Data excerpt:
=====

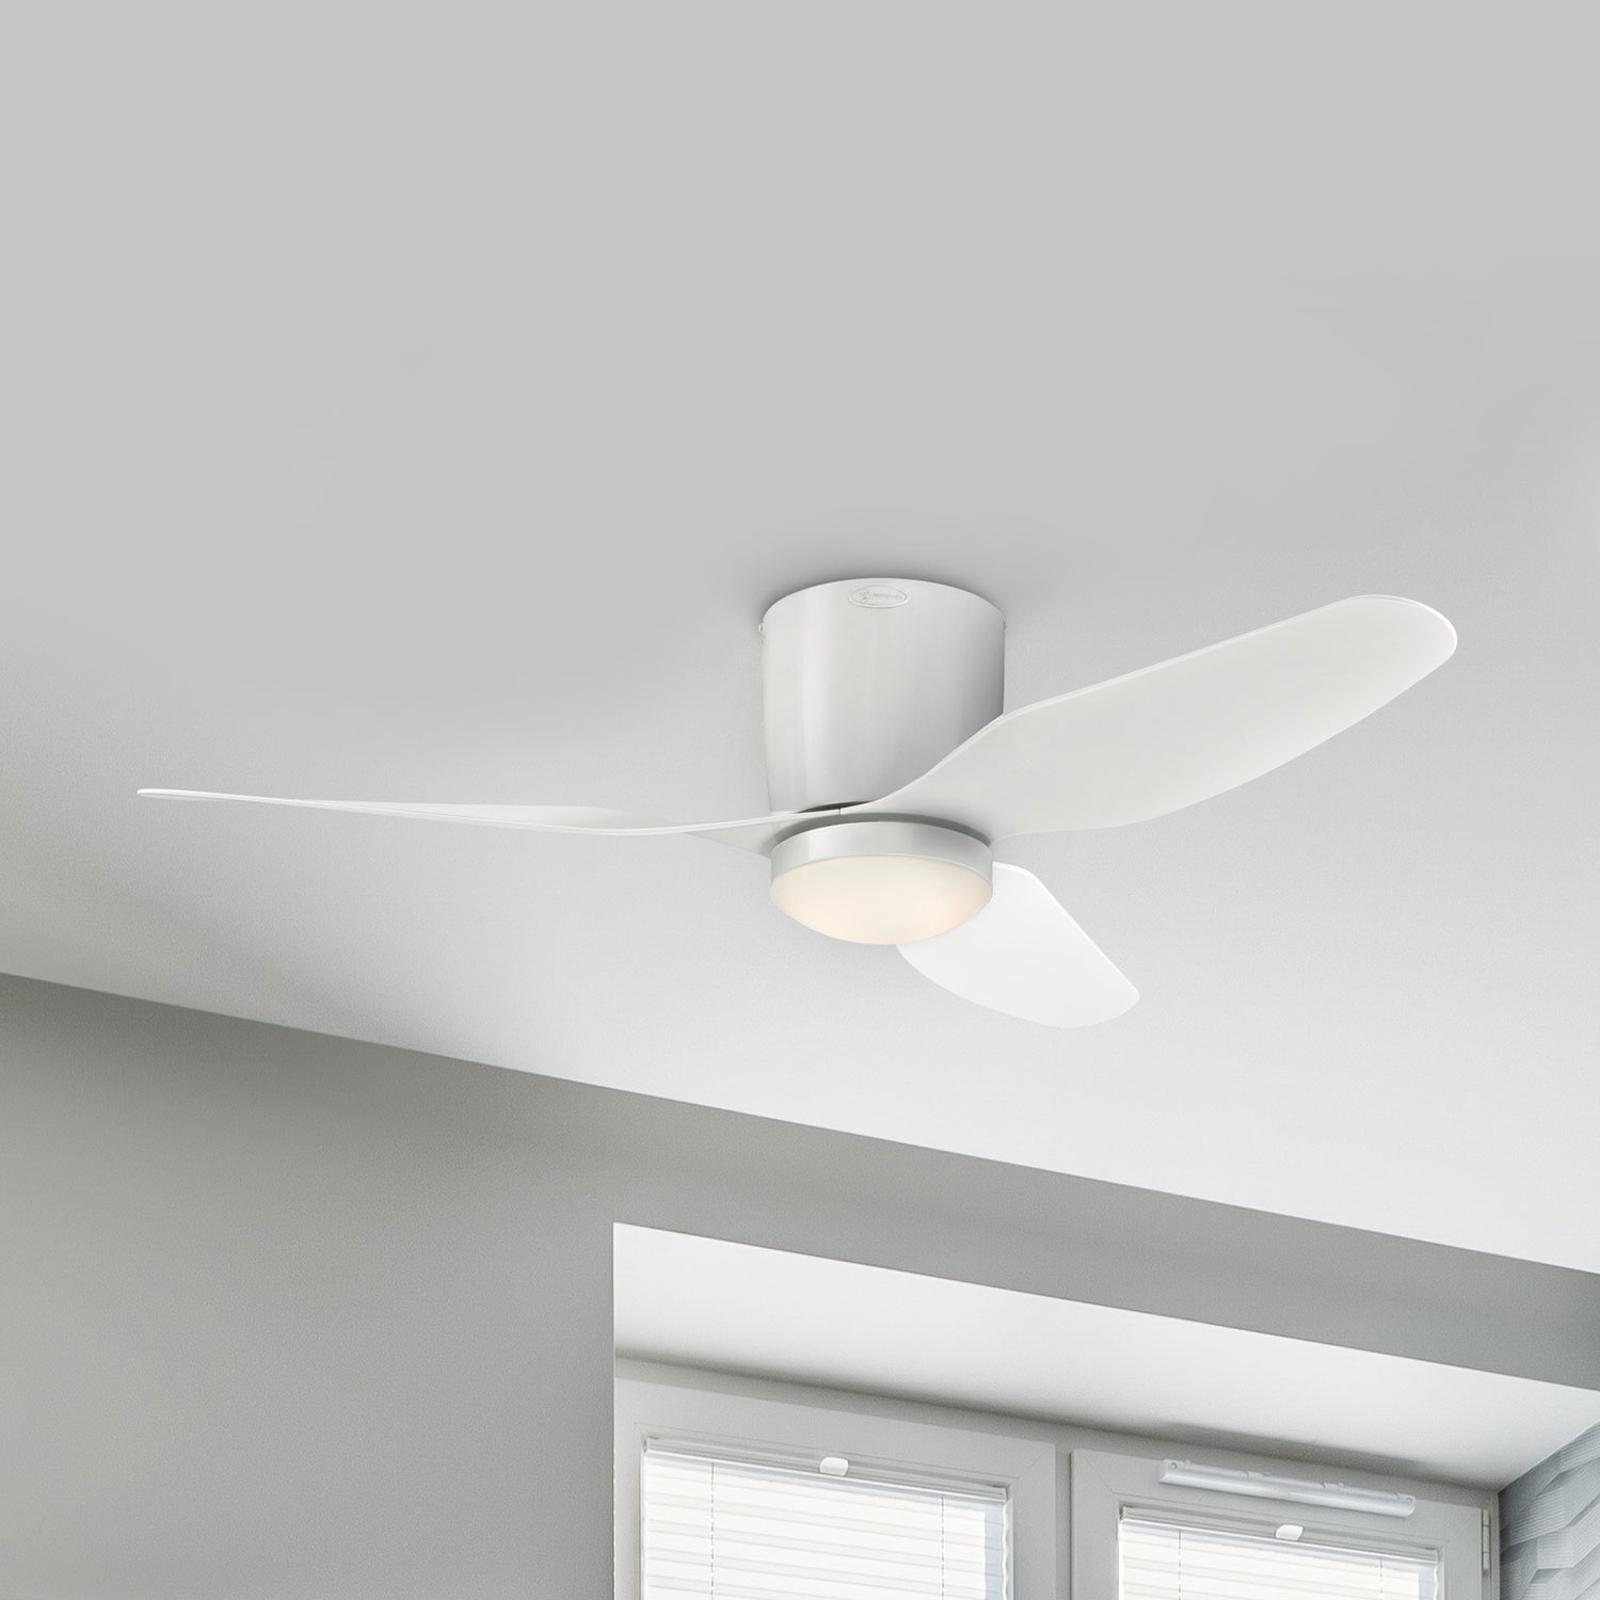 Westinghouse Carla Deckenventilator mit LED, weiß
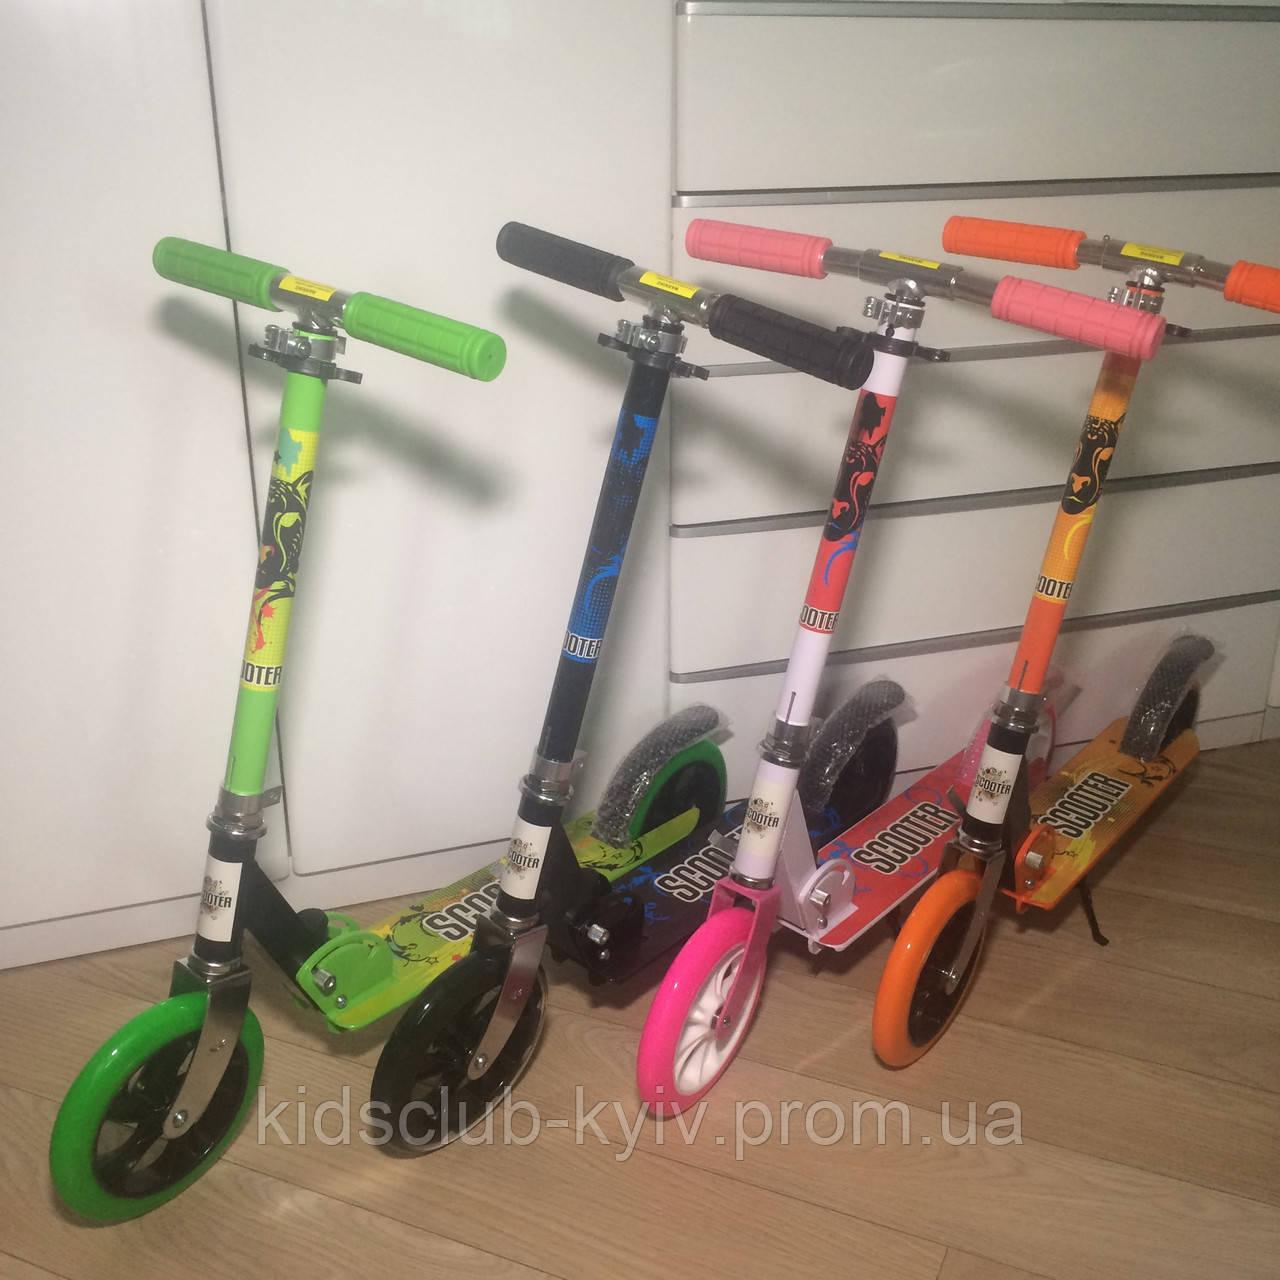 Двухколесный самокат для детей и подростков
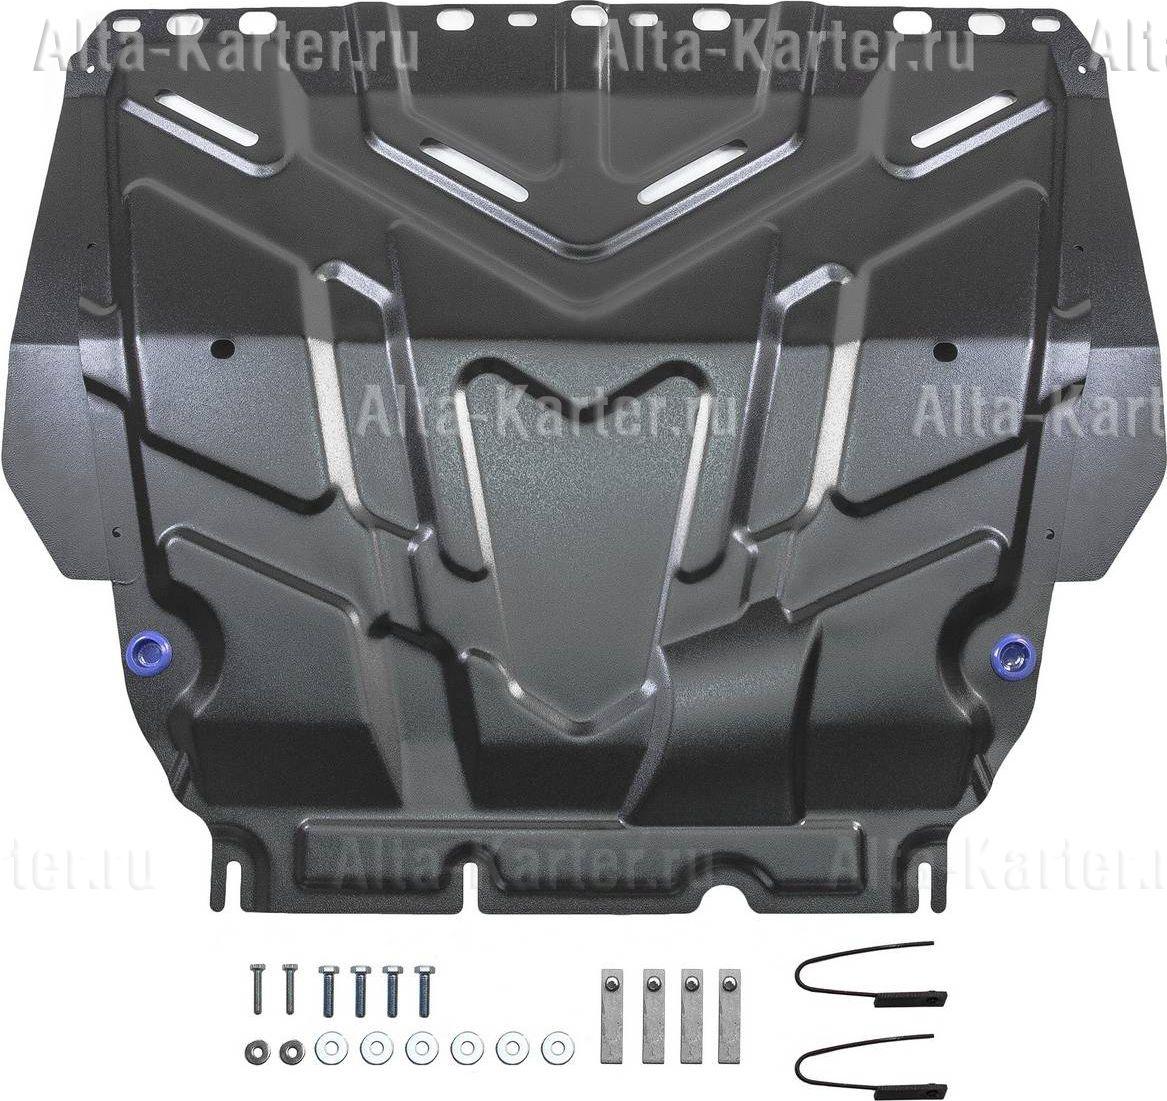 Защита Rival для картера и КПП Ford C-Max I 2003-2010. Артикул 111.1850.1

=====

Work instruction: Once the pictures are dropped, repeat the data above exactly.

Output for this task:
 Westinghouse Carla Deckenventilator mit LED, weiß
 Двухколесный самокат для детей и подростков
 Защита Rival для картера и КПП Ford C-Max I 2003-2010. Артикул 111.1850.1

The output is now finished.